De mijnen zijn nog steeds een belangrijke bron van inkomsten voor Potosinos. Weliswaar werken ze in coöperaties en zijn ze nu grotendeels eigen baas, maar het inkomen is erg mager en de werkomstandigheden zijn eigenlijk in al die eeuwen nauwelijks veranderd. Er komen in Potosí elk jaar zo´n 50 mensen om door ongelukken in de mijnen (los van sterfte door slechte gezondheid) en in 2008 tot vandaag waren het er al 5.

Er wordt behalve nog steeds naar zilver ook o.a. naar tin en mineralen gezocht. Een minero bepaalt zelf zijn werktijden, maar werkt noodgedwongen eerder 10 tot 12 dan 8 uur. Hij verdient gemiddeld 800-1000 bolivianos (8-10 euro) en is daarbij afhankelijk van de markt en wat opkopers hem bieden. Ter vergelijking: voor een eenvoudig middagmaal op de hoek van de straat, ook bij de mijnen, betaal je ongeveer 7 bolivianos.
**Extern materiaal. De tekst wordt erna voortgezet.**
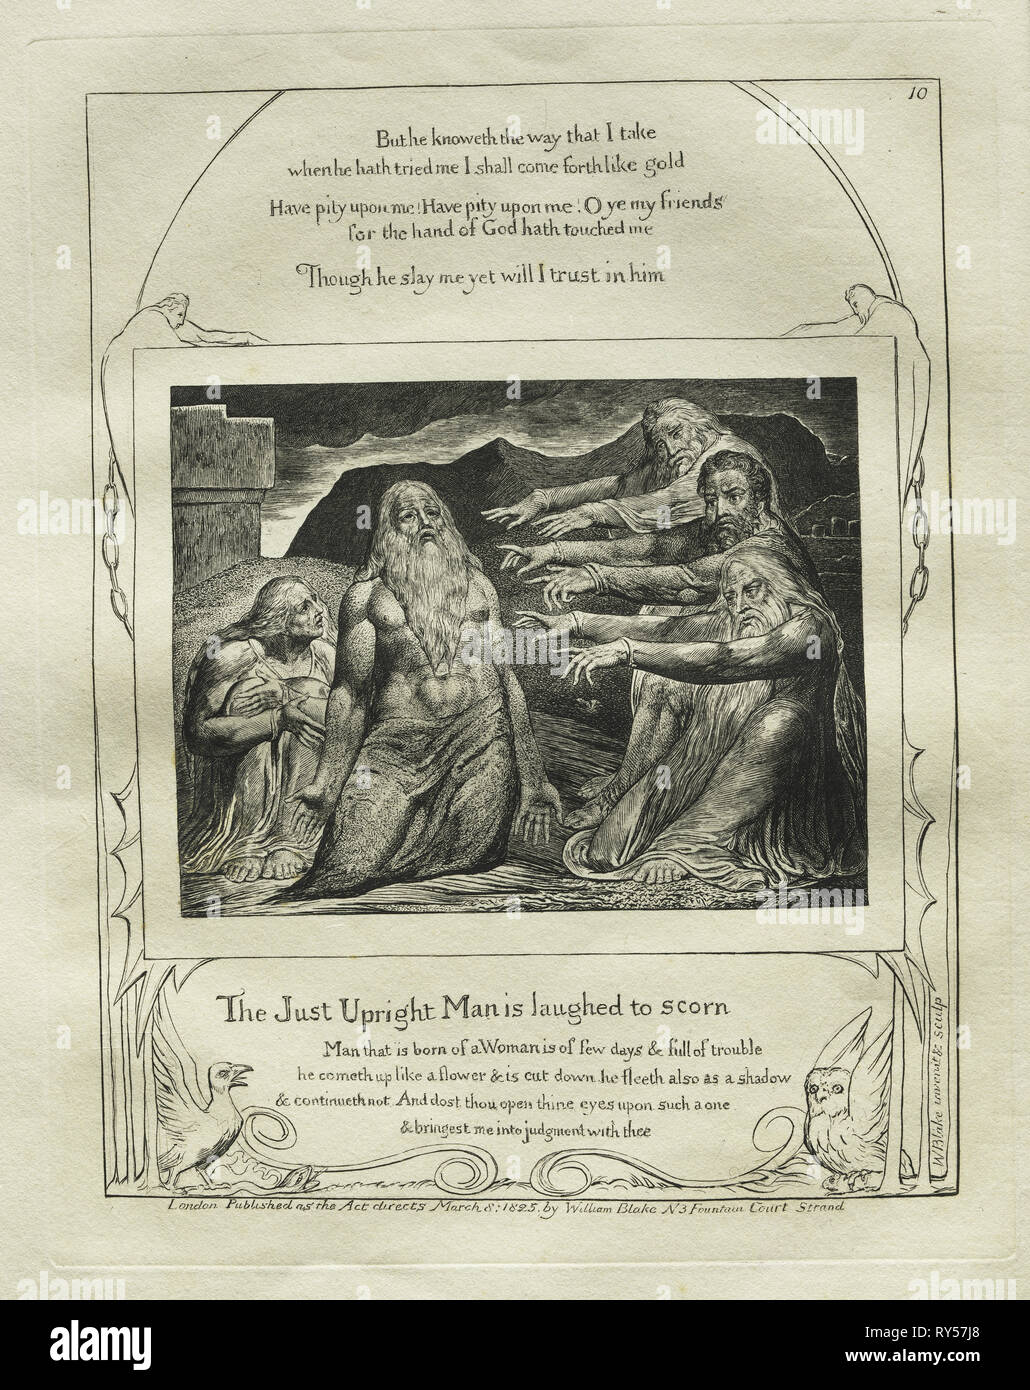 Das Buch Hiob: Pl. 10, die nur aufrechte Mensch ist zu verachten, 1825 lachte. William Blake (British, 1757-1827). Gravur Stockfoto

Een mijnwerker in Potosí heeft gemiddeld 8 (!) kinderen. Er werken trouwens ook zo´n 3500 kinderen in de mijnen van Cerro Rico. Het gaat over van vader op zoon en er is weinig andere werkgelegenheid in Potosí. De bekroonde film uit 2005, The Devils Miner, gaat over de kinderarbeid hier. Als ik weer thuis ben ga ik hem opzoeken.
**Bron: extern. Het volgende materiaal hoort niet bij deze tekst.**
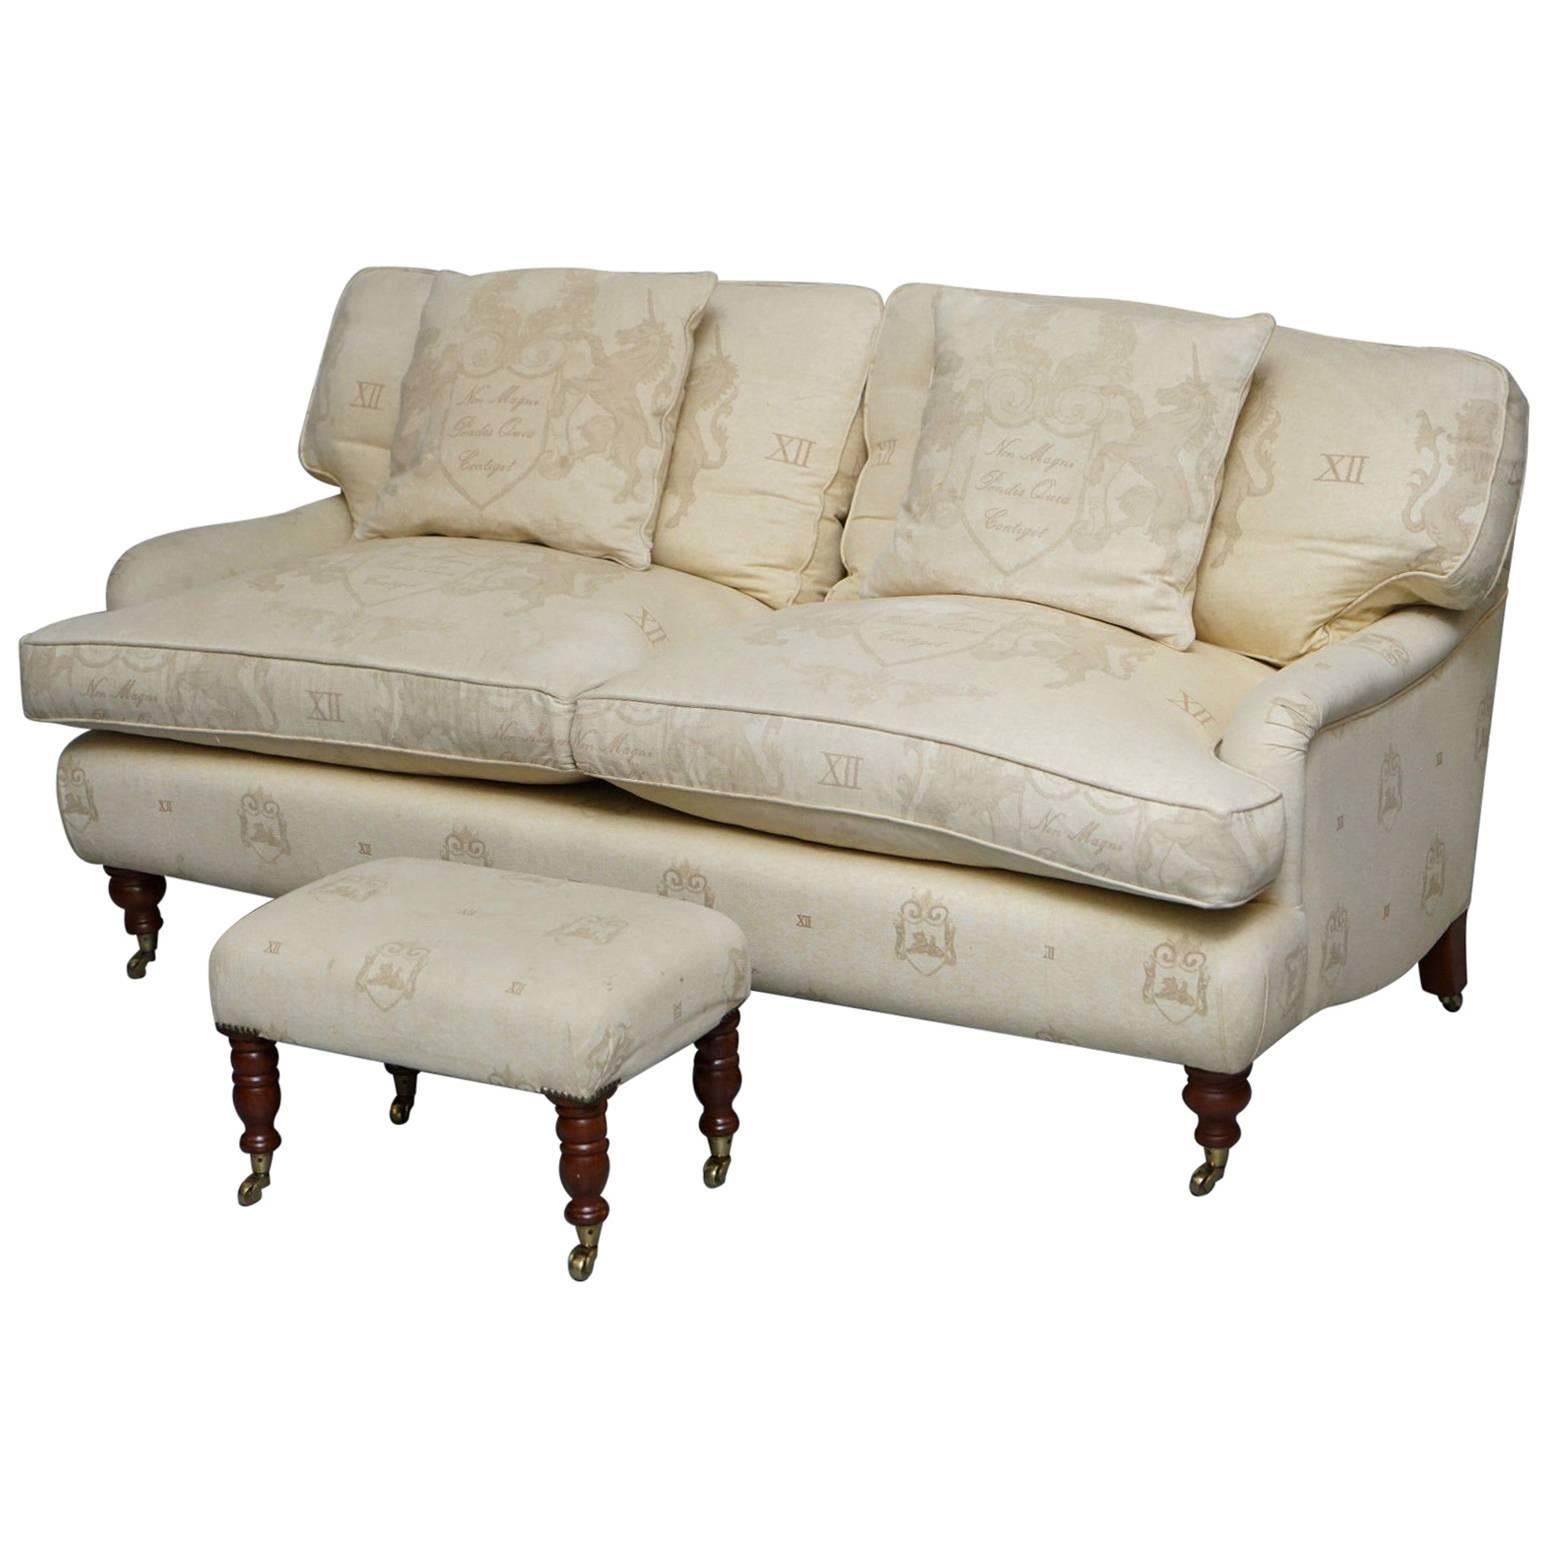 Andrew Martin Howard Style Sofa with Royal Magna Carta Upholstery

Vandaag heb ik een beetje mogen voelen hoe het in de mijnen is. De excursies naar Cerro Rico zijn erg populair onder toeristen, maar daarom niet minder waardevol. Ze zijn integer en worden geleid door ex-mijnwerkers. Nooit heb je het gevoel dat je aapjes kijkt, al was het maar door de zwaarte van je eigen inspanning.